Set out word for word the line that contains "熊猫啤酒价格-熊猫王啤酒怎么" and each line after it, through the end of the data below, but exclude the pictures.

# Dataset section:
▼

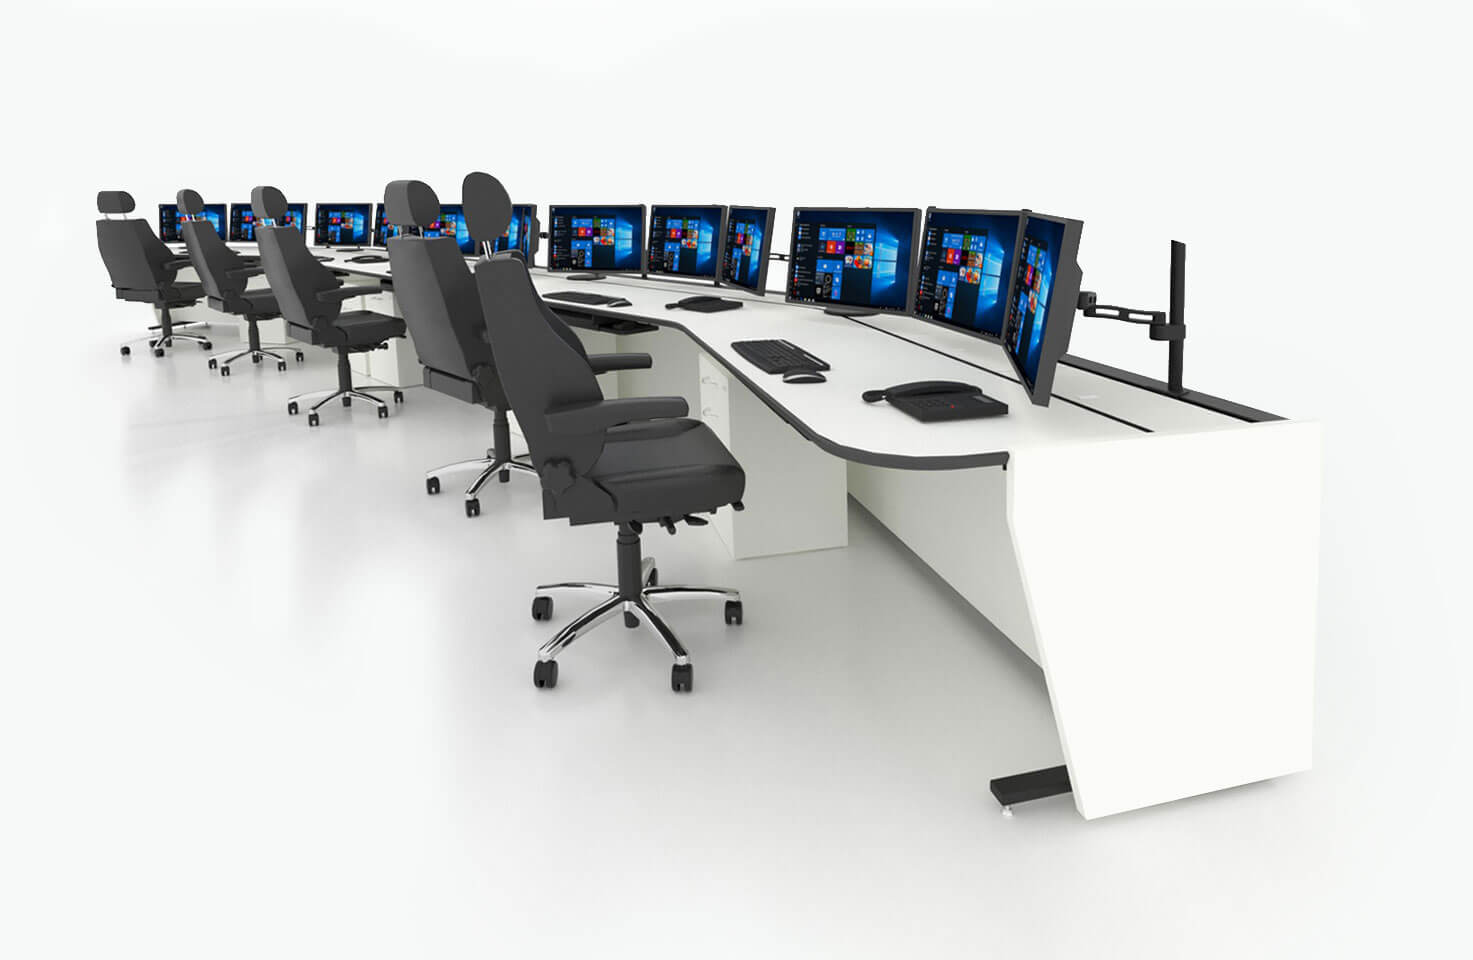 Диспетчерский стол Атлант ТЕРРА в конфигурации длинного пульта на пять рабочих мест
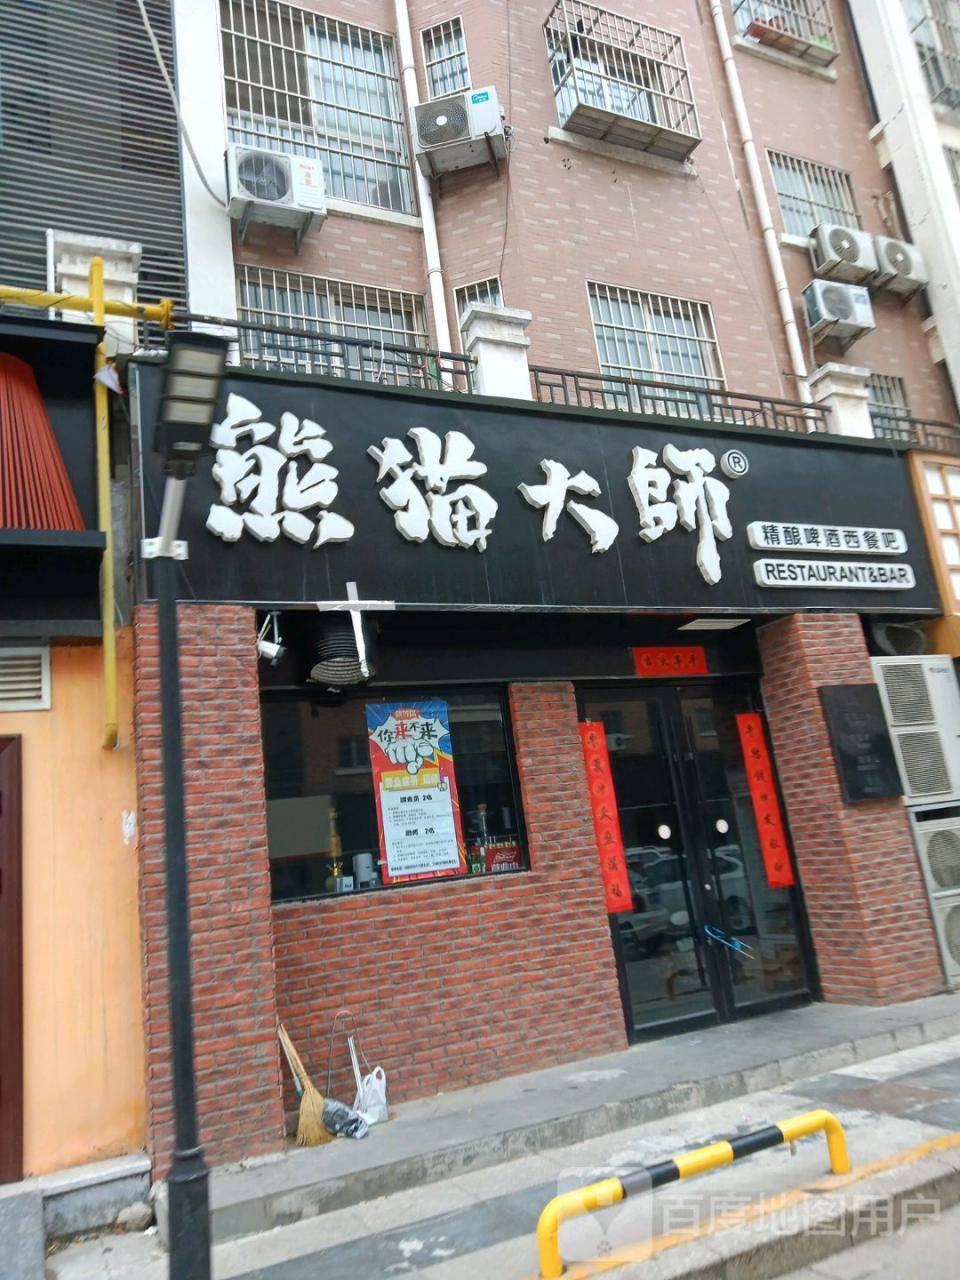 熊猫啤酒价格-熊猫王啤酒怎么样?好像是个新牌子。-大麦丫-精酿啤酒连锁超市,工厂店平价酒吧免费加盟
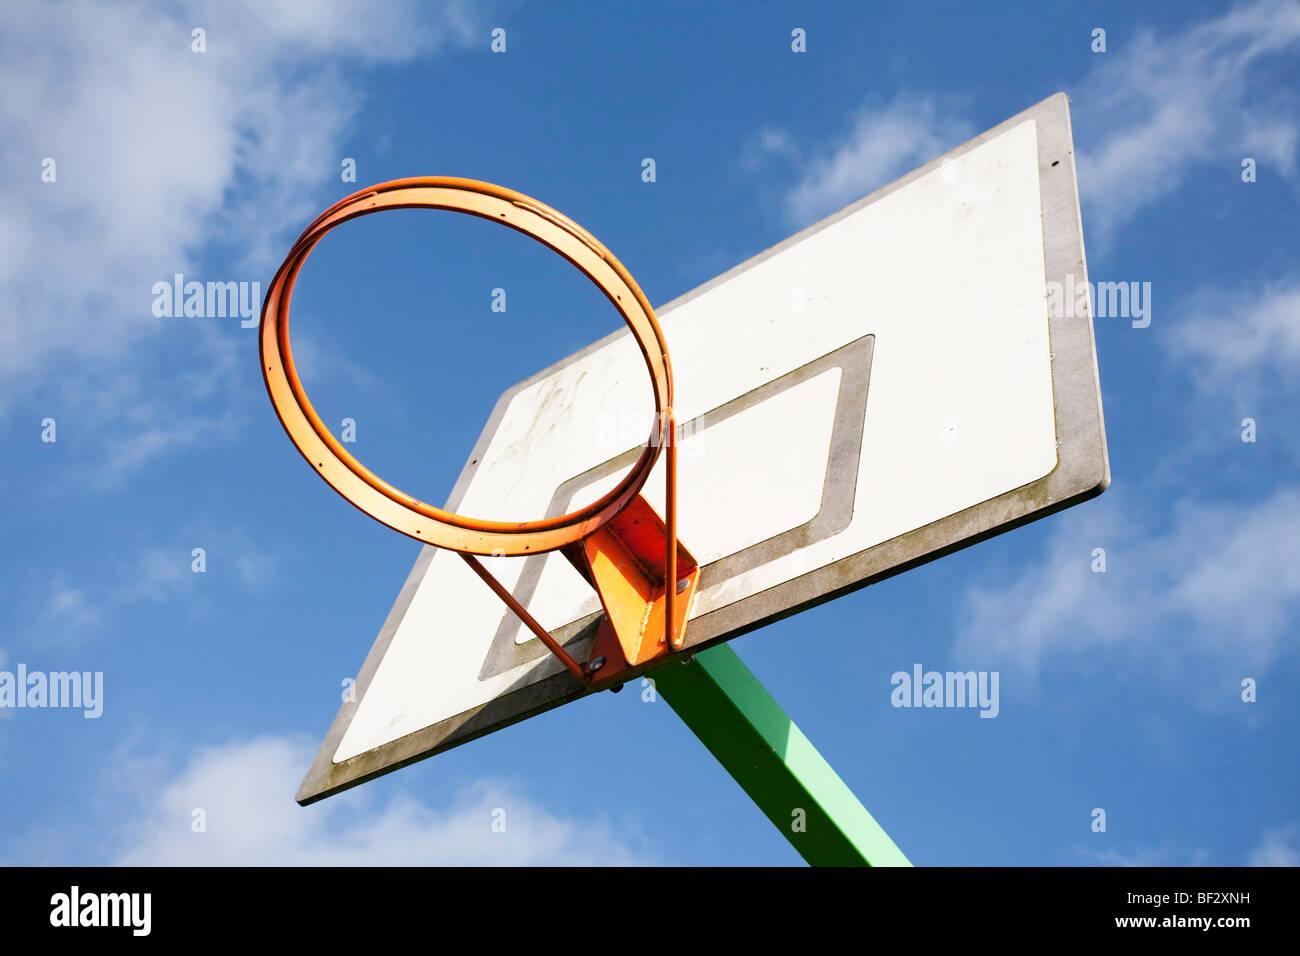 Baloncesto contra un cielo azul y las nubes blancas Imagen De Stock

▲

# Written answer:
 熊猫啤酒价格-熊猫王啤酒怎么样?好像是个新牌子。-大麦丫-精酿啤酒连锁超市,工厂店平价酒吧免费加盟
 Baloncesto contra un cielo azul y las nubes blancas Imagen De Stock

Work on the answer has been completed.